*** STORED DATA Section Begins ***

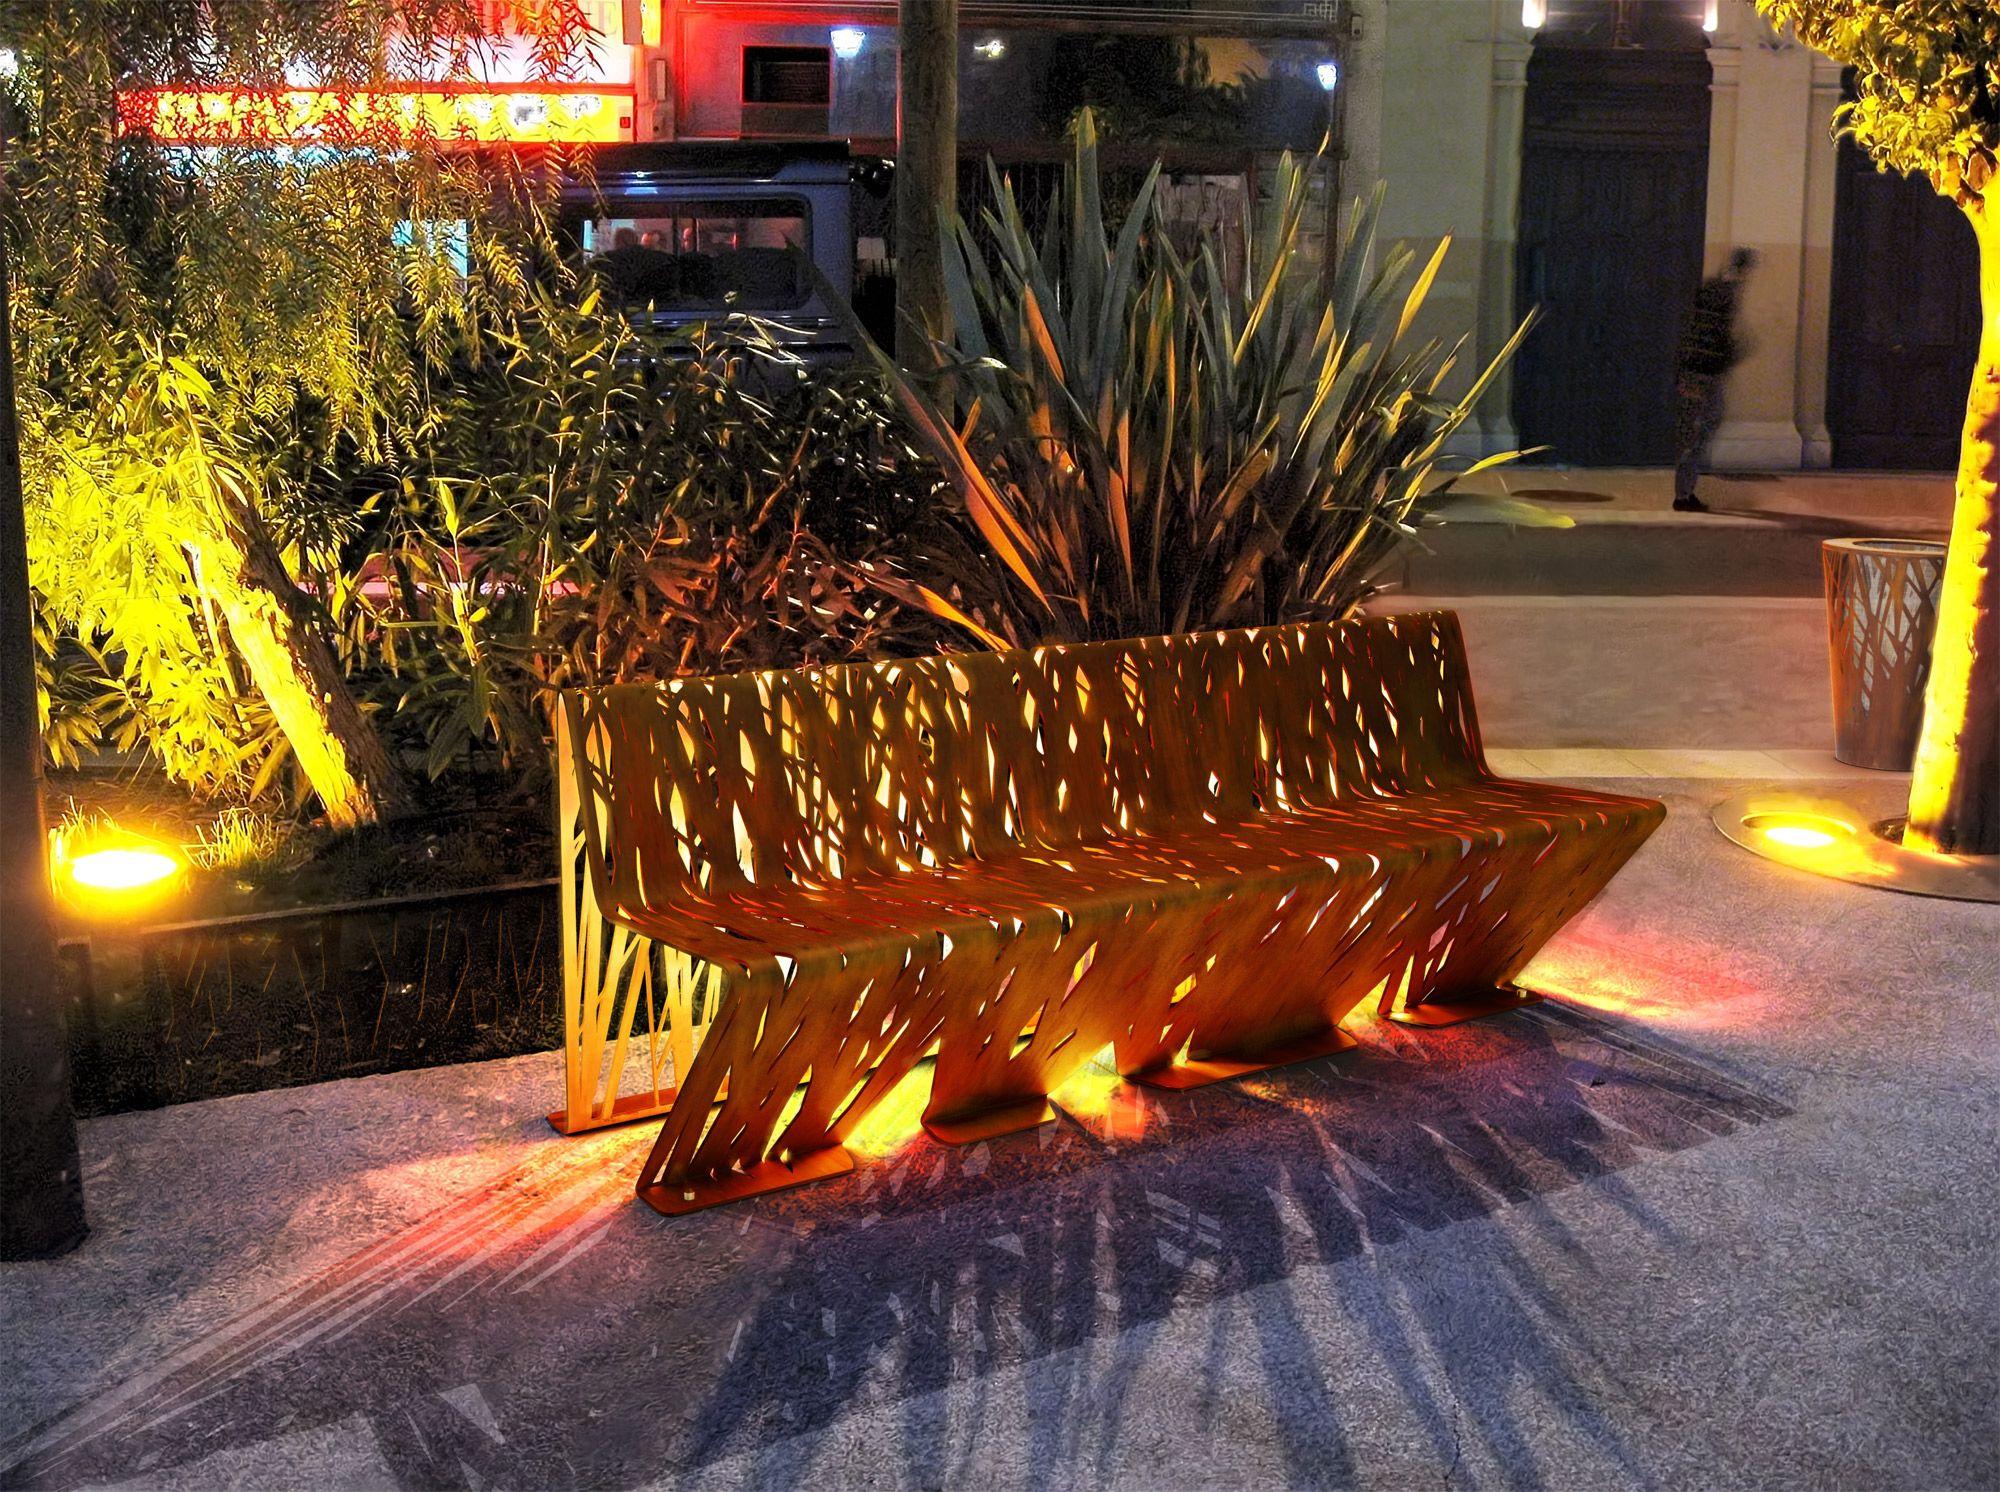 Urban Design Furniture art 4 logic: urban design street furniturelab23 | mobiliario
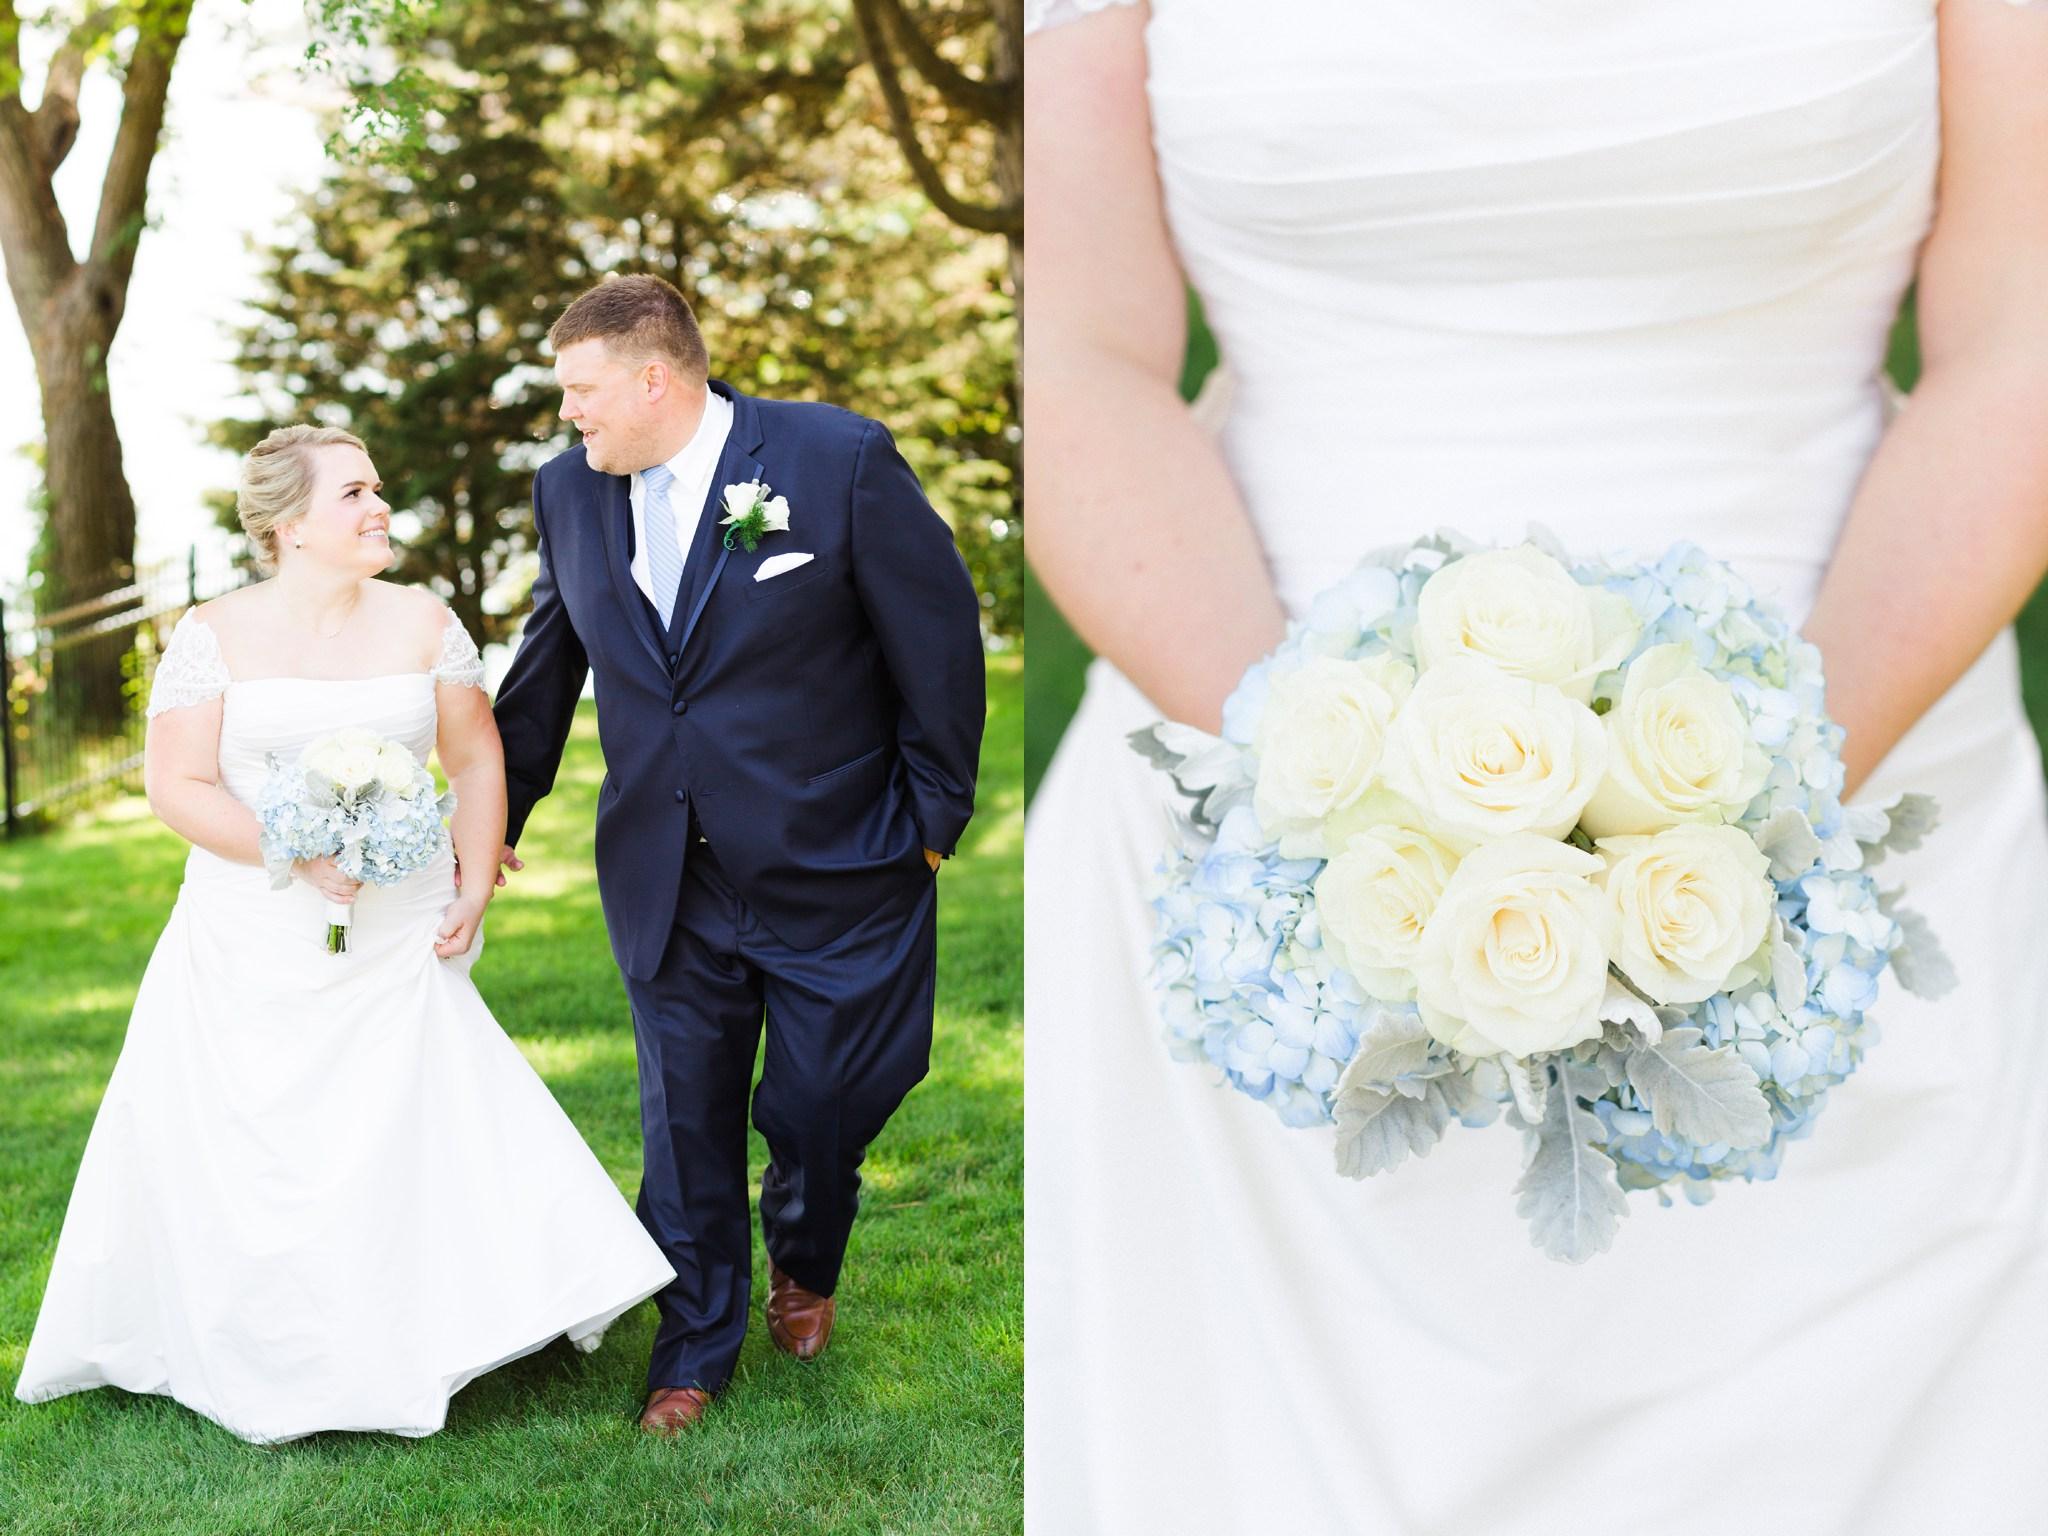 misselwood_endicott_college_wedding_photos_00026.JPG
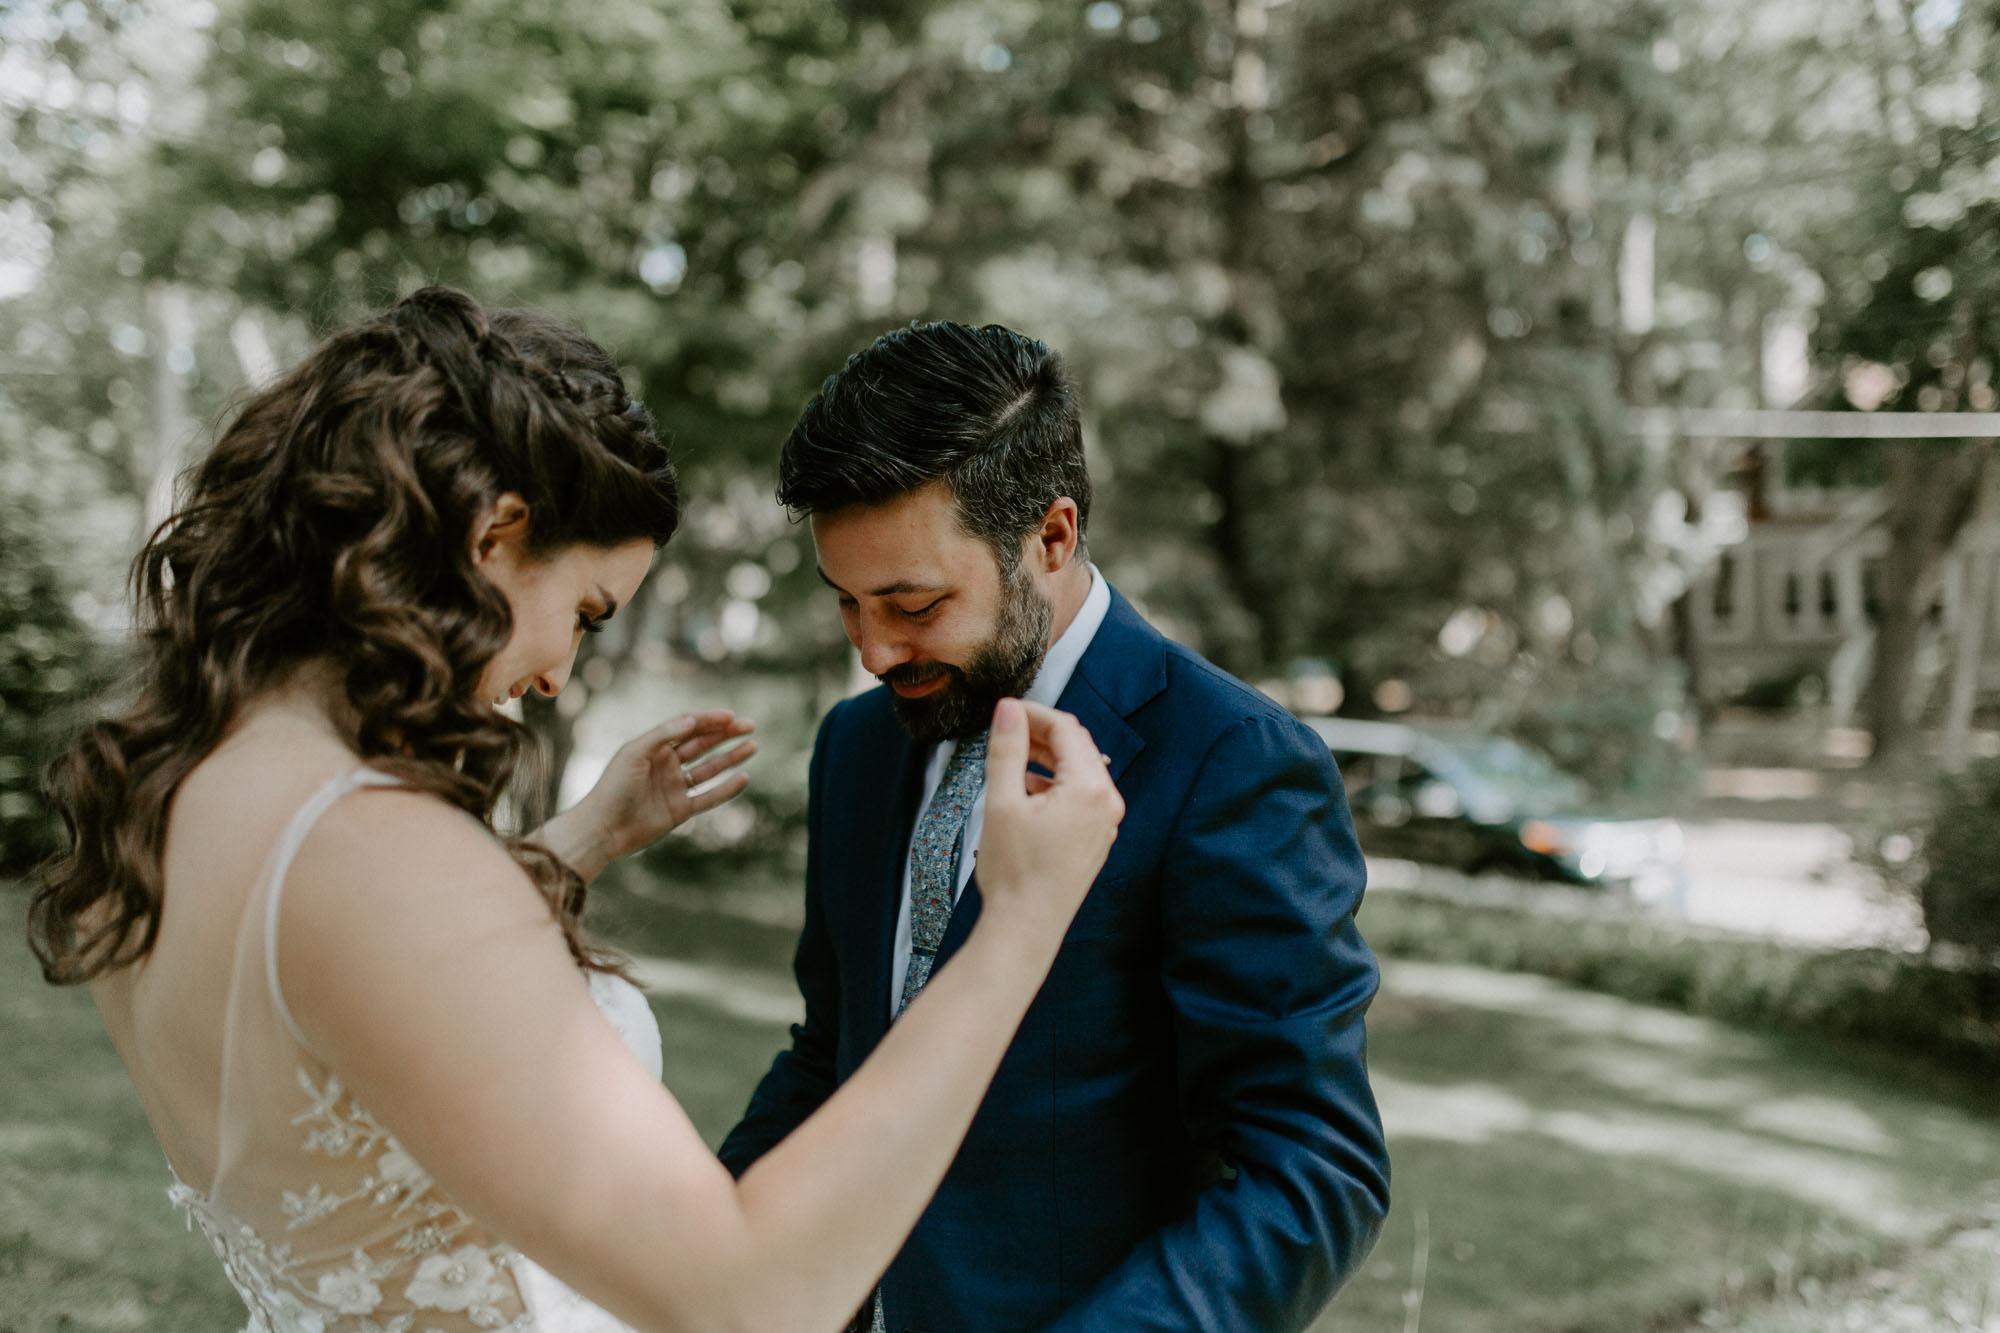 journeyman_distillery_wedding_photographer_chicago_il_wright_photographs-1444.jpg

*** STORED DATA Section Ends ***

### EXERCISE GOAL
Leaving the pictures aside, copy exactly and only the lines from the one holding "misselwood_endicott_college_wedding_photos_00026.JPG" through the final line of the data, both ends kept.

### WRITTEN ANSWER
 misselwood_endicott_college_wedding_photos_00026.JPG
 journeyman_distillery_wedding_photographer_chicago_il_wright_photographs-1444.jpg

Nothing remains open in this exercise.